Die Bildsprache des Videos ist überdeutlich herausgeschnitzt: es ist nahezu durchgängig in Rot und Schwarz getaucht, das Blut und Tod symbolisiert, im Zeitkontext 1988 in Berlin auch Autonomie und rebellische Unabhängigkeit. Die aus der christlichen Ikonographie entlehnten Urbilder sind global verständlich und verstärken den Liedtext ebenso wie den Gesang, weil sie den Todeskandidaten bis zur letzten Zeile in große Nähe und widersprüchliche Einheit zu dem gleichfalls totgeweihten Christus in seiner Passion bringen. Am Ende reißt Cave die Arme ikonographisch im Heilandsgestus nach oben, wie er es auch in jedem der folgenden Videos vollführen wird.
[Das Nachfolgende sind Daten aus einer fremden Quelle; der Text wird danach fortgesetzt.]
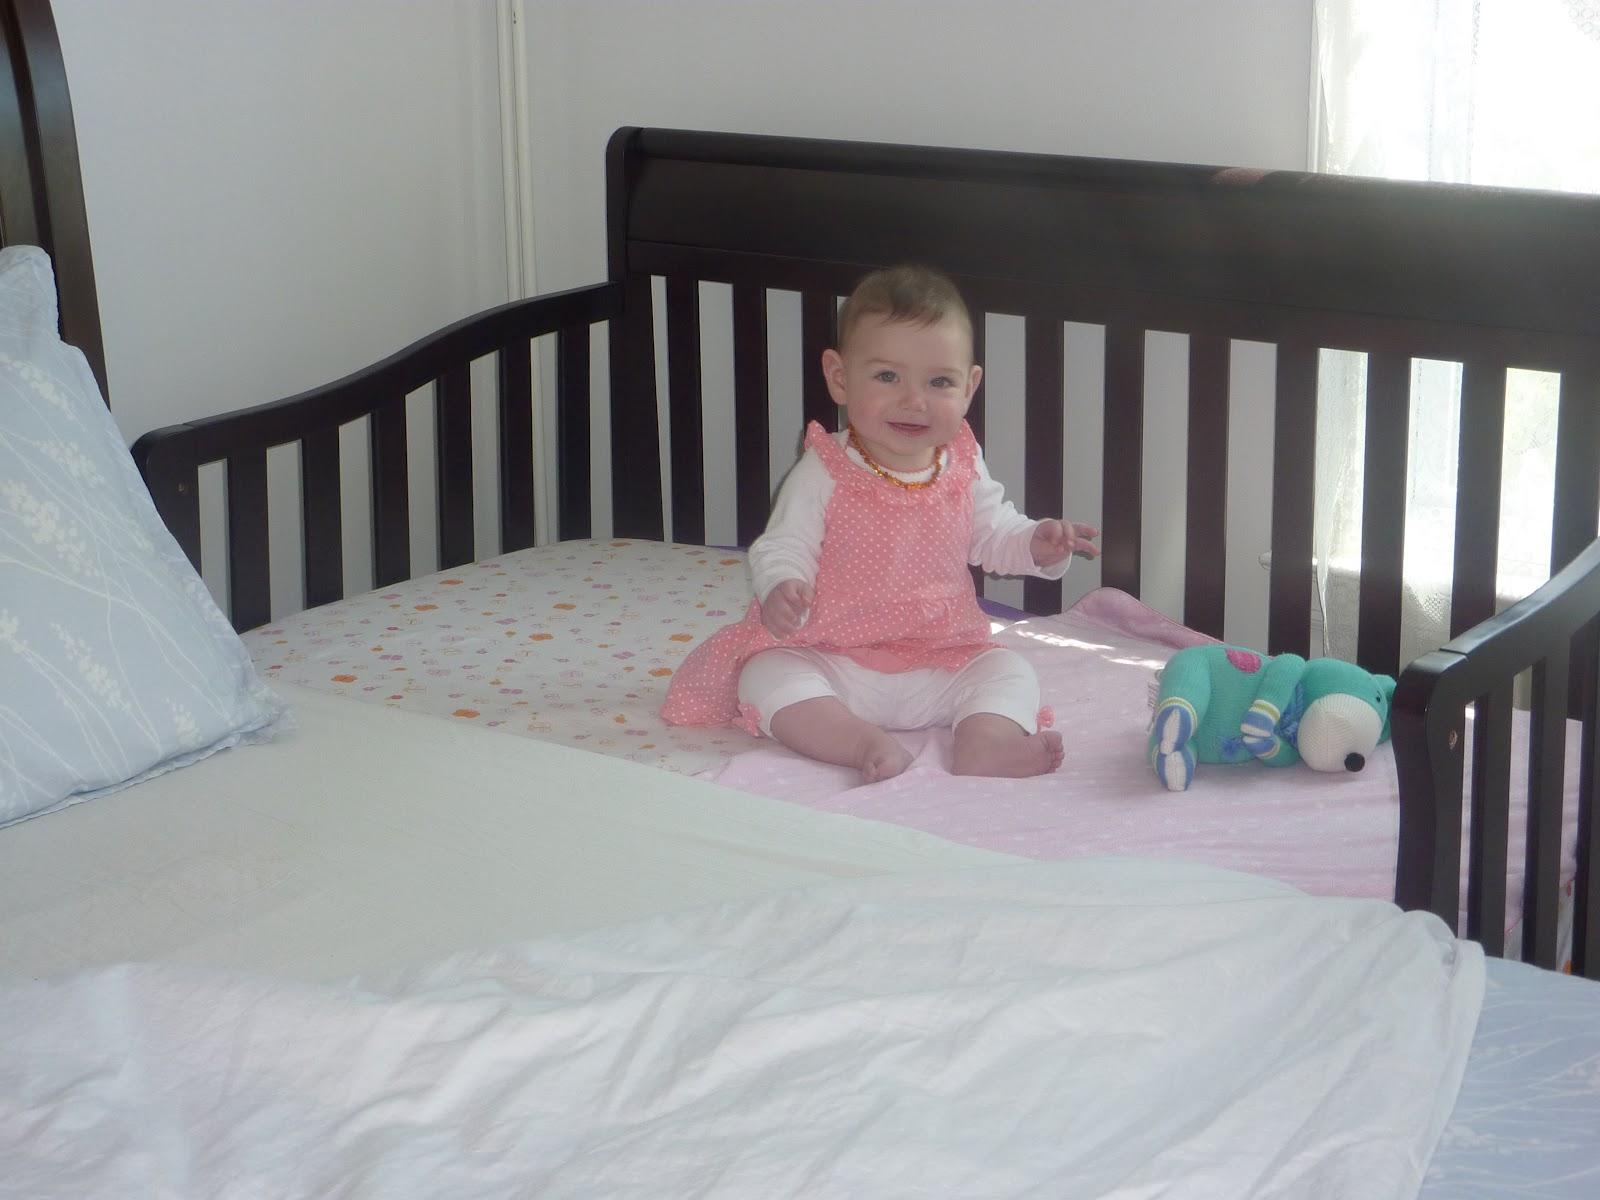 co sleeper babycenter. Black Bedroom Furniture Sets. Home Design Ideas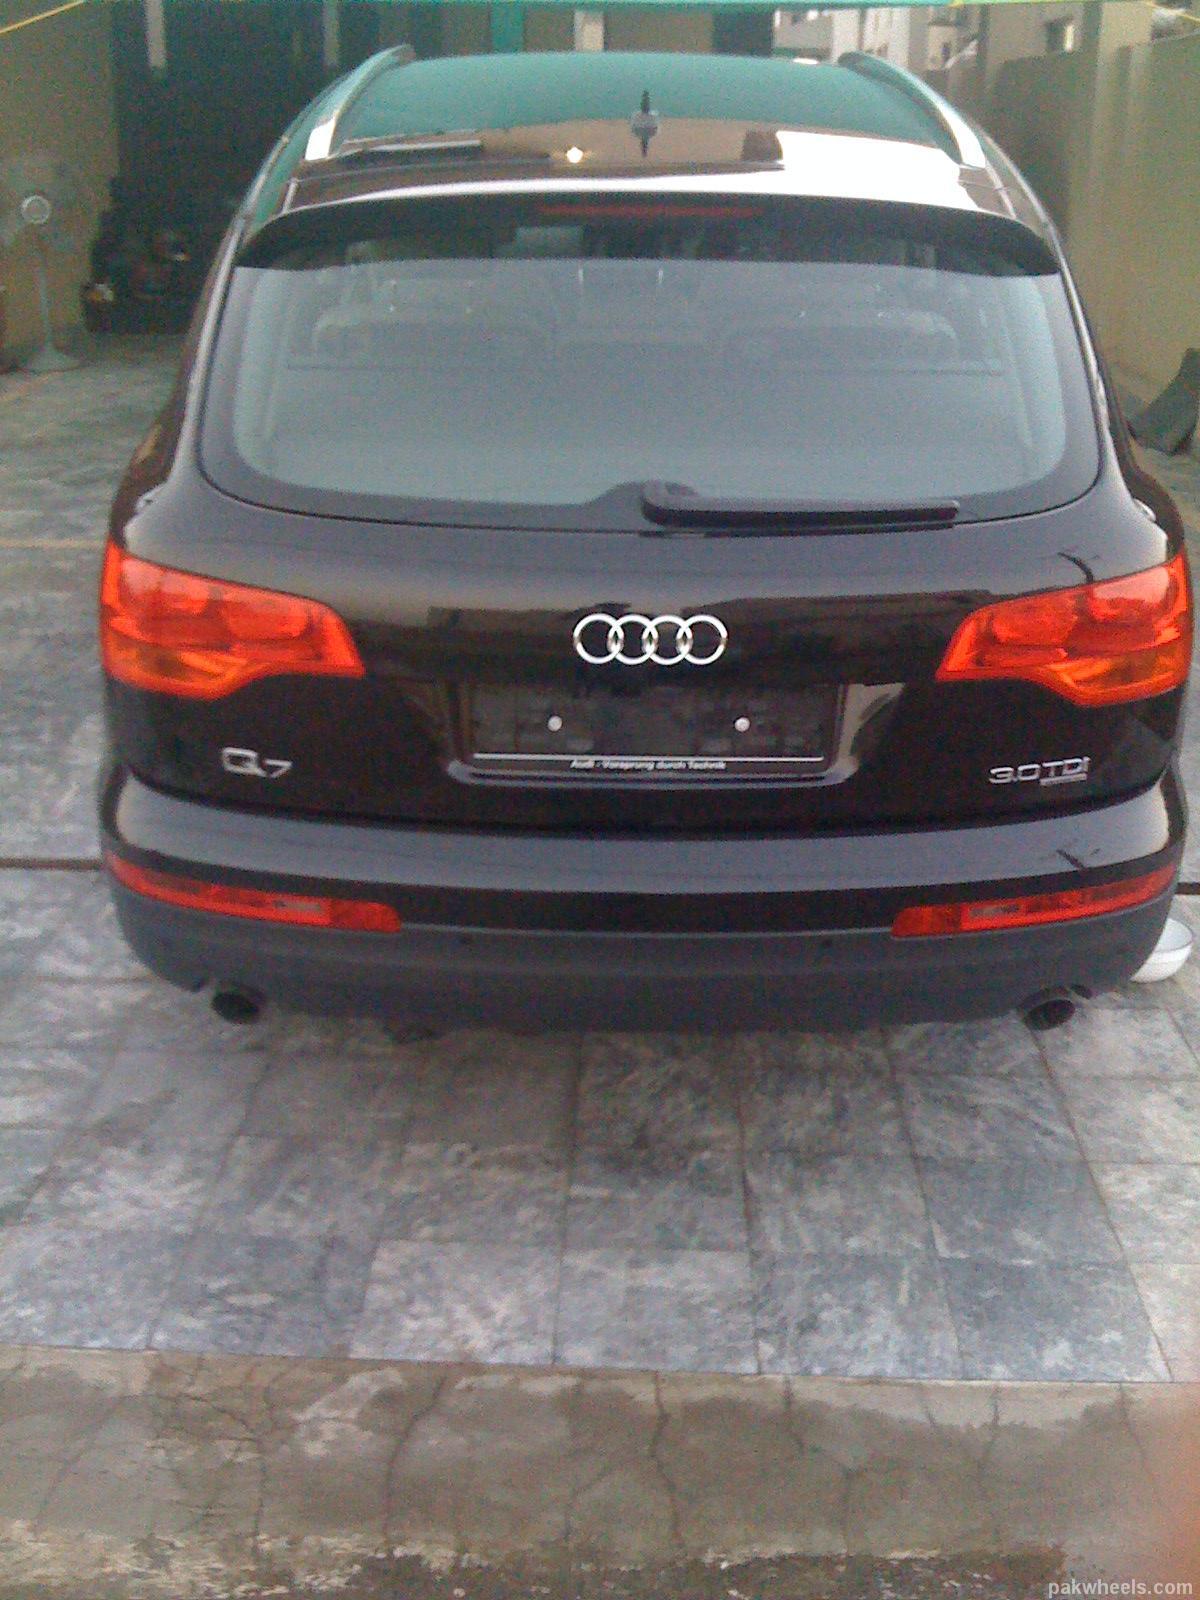 Audi Q7 - 2009 AU Image-1

Die Behauptung scheint daher nicht allzu gewagt, dass eine Trennung zwischen dem Delinquenten in der Zelle und Cave visuell wie auch textlich verschliffen wird. Cave gibt seit jeher den Schmerzensmann des Psychopop, aber er ist es auch. Die klaustrophobische Zelle des Videos ist dabei ebenso Spiegel der Seele wie seine winzige Kammer in Berlin, in der das Lied entstanden ist. Durch die wiederholte Abbildung in gleich mehreren Bildbänden inzwischen ikonisch für Caves Berliner Exil stehend, wäre es übertrieben, dieses Zimmerchen voller Heiligen- und Pornobilder von seinen Abmessungen her eine Mönchszelle zu nennen.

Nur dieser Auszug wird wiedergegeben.